# Happy New Year’s M3OC!



## SoFlaModel3 (Apr 15, 2017)

Happy New Years everyone, may 2018 bring most if not all of us Model 3’s!!!


----------



## Michael Russo (Oct 15, 2016)

SoFlaModel3 said:


> Happy New Years everyone, may 2018 bring most if not all of us Model 3's!!!


Agree, for all on the general greetings...

And I'll add special happy new year wishes for the lucky Europeans who'll get theirs by 12/18!!


----------



## JWardell (May 9, 2016)

Happy New Year everyone, I have a good feeling 2018 will be especially great for all of us waiting for our first Tesla!


----------



## Michael Russo (Oct 15, 2016)

JWardell said:


> Happy New Year everyone, I have a good feeling 2018 will be especially great for all of us waiting for our first Tesla!

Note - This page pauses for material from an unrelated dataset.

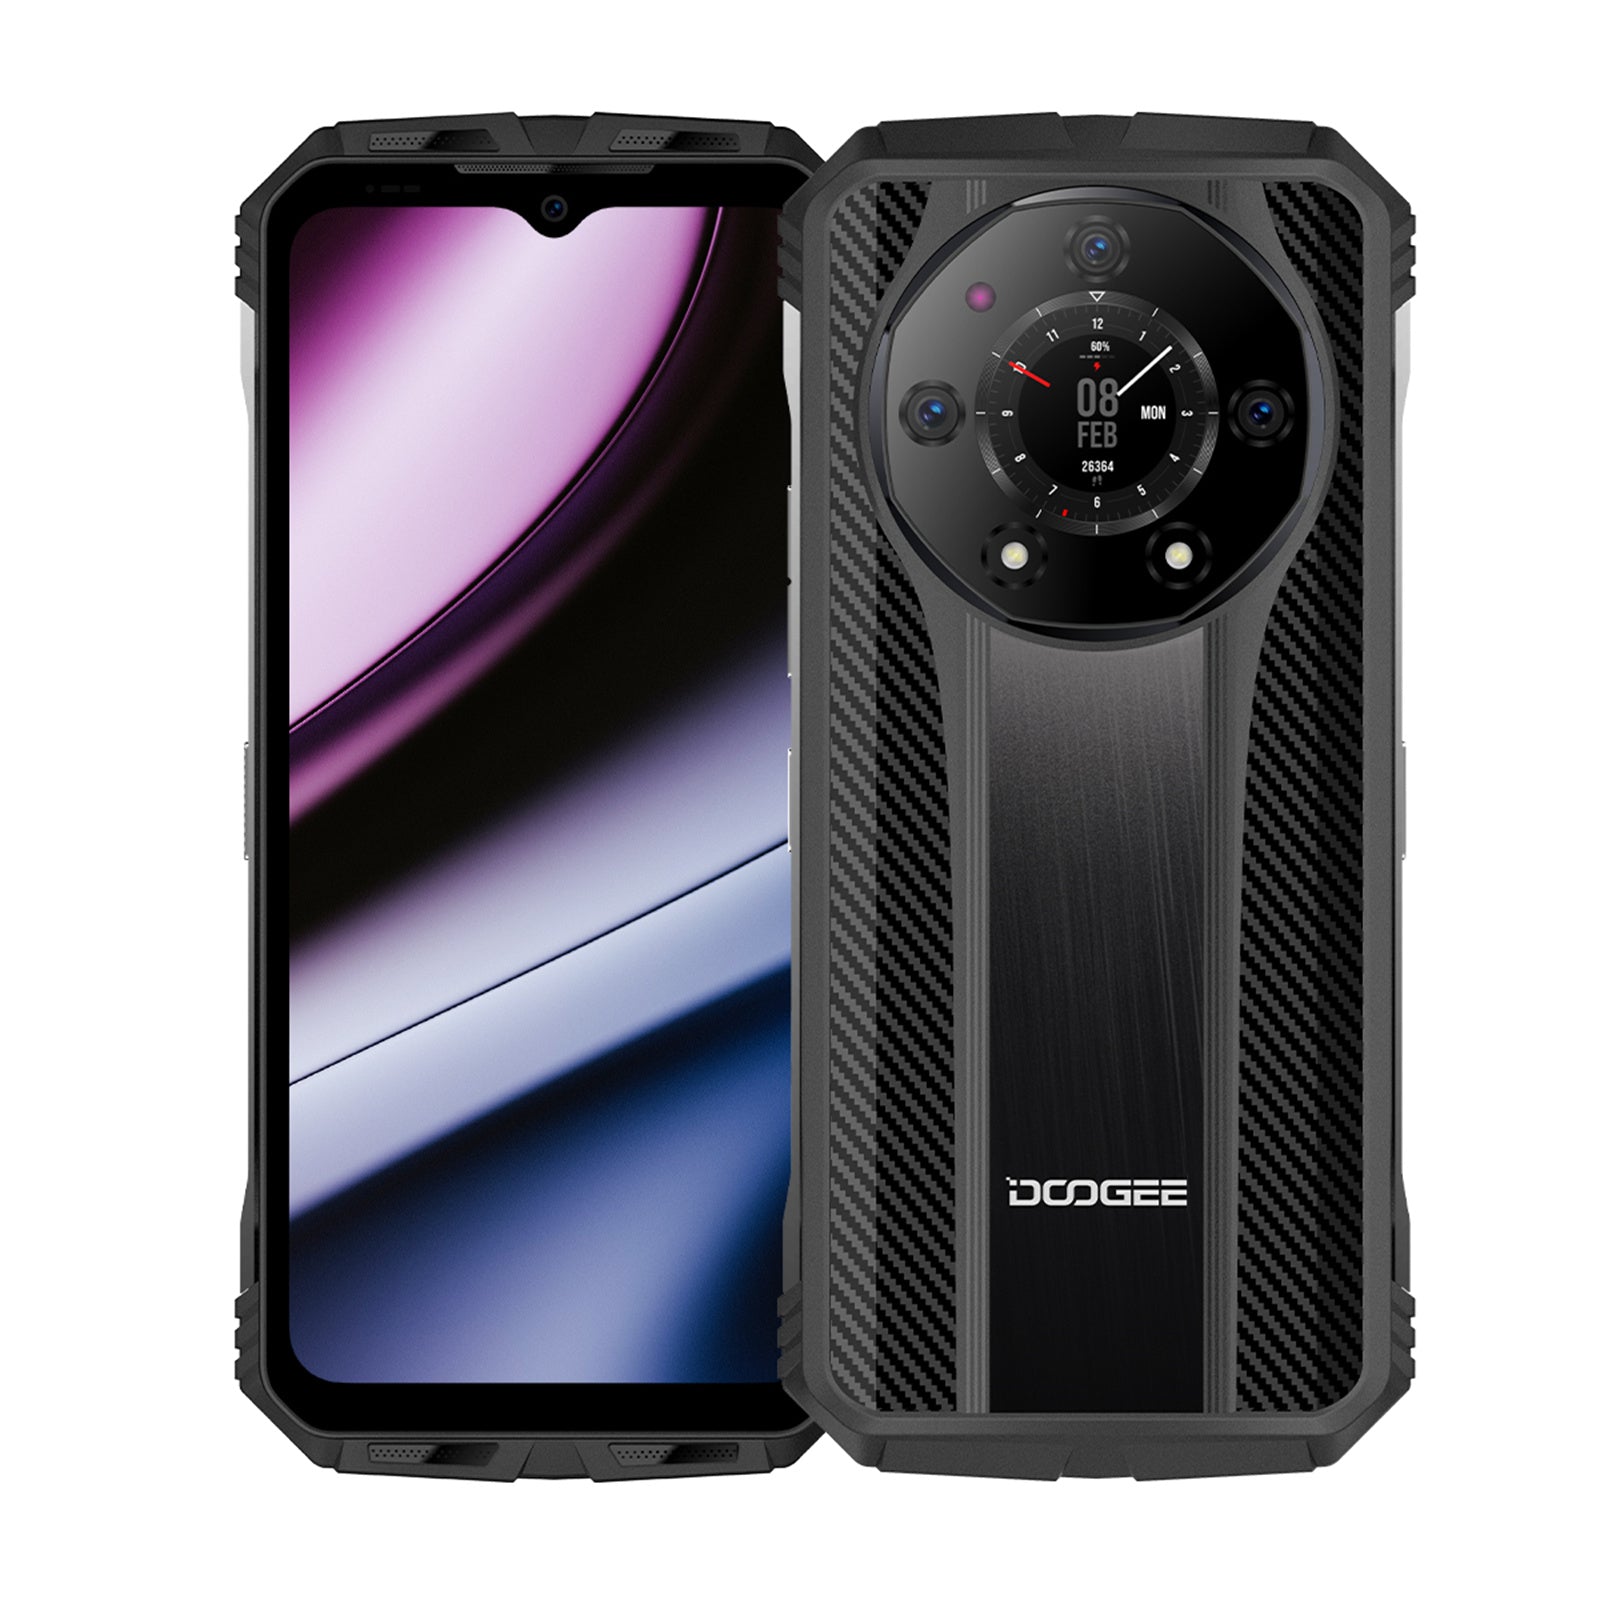 DOOGEE mobile - Emprenda cualquier aventura con el Doogee S100 Pro

Thanks, Josh and the same for you and your loved ones ! Appreciate your contribution to the forum!


----------



## Kennethbokor (Apr 4, 2016)

Yes, Happy New Year to all our Model 3 Fans and Followers! May 2018 be a prosperous and safe year! Looking forward to seeing many of our Forum and YouTube Members/Subscribers getting their deliveries in 2018 - I hope to have mine before the end of2018!


----------



## John Slaby (Mar 31, 2017)

Happy New Year to all from a frozen New England Model 3 Fanatic. May this be the best year yet, with health, happiness and a little bit of wisdom to all Model 3 reservation holders, their families and friends, and even to the Tesla haters


----------



## Jayc (May 19, 2016)

This time next year those of us RHD folk will hopefully start to see the end of the tunnel. Meantime would like to wish everyone a safe, healthy happy new year. Best wishes to those looking forward to their Model 3 in 2018.


----------



## TrevP (Oct 20, 2015)

Happy New Year everyone! Gonna be seeing a lot of Model 3s on the road this year as a whole lot of us are going to be getting our cars!


----------



## Bperry (Nov 25, 2017)

Happy New Year to all...February 2018 - April 2018 - truly excited!

Dark Blue
White Interior- if available ;-)
PUP
EAP
19 inch wheels


----------



## ng0 (Apr 11, 2017)

Happy new year!


----------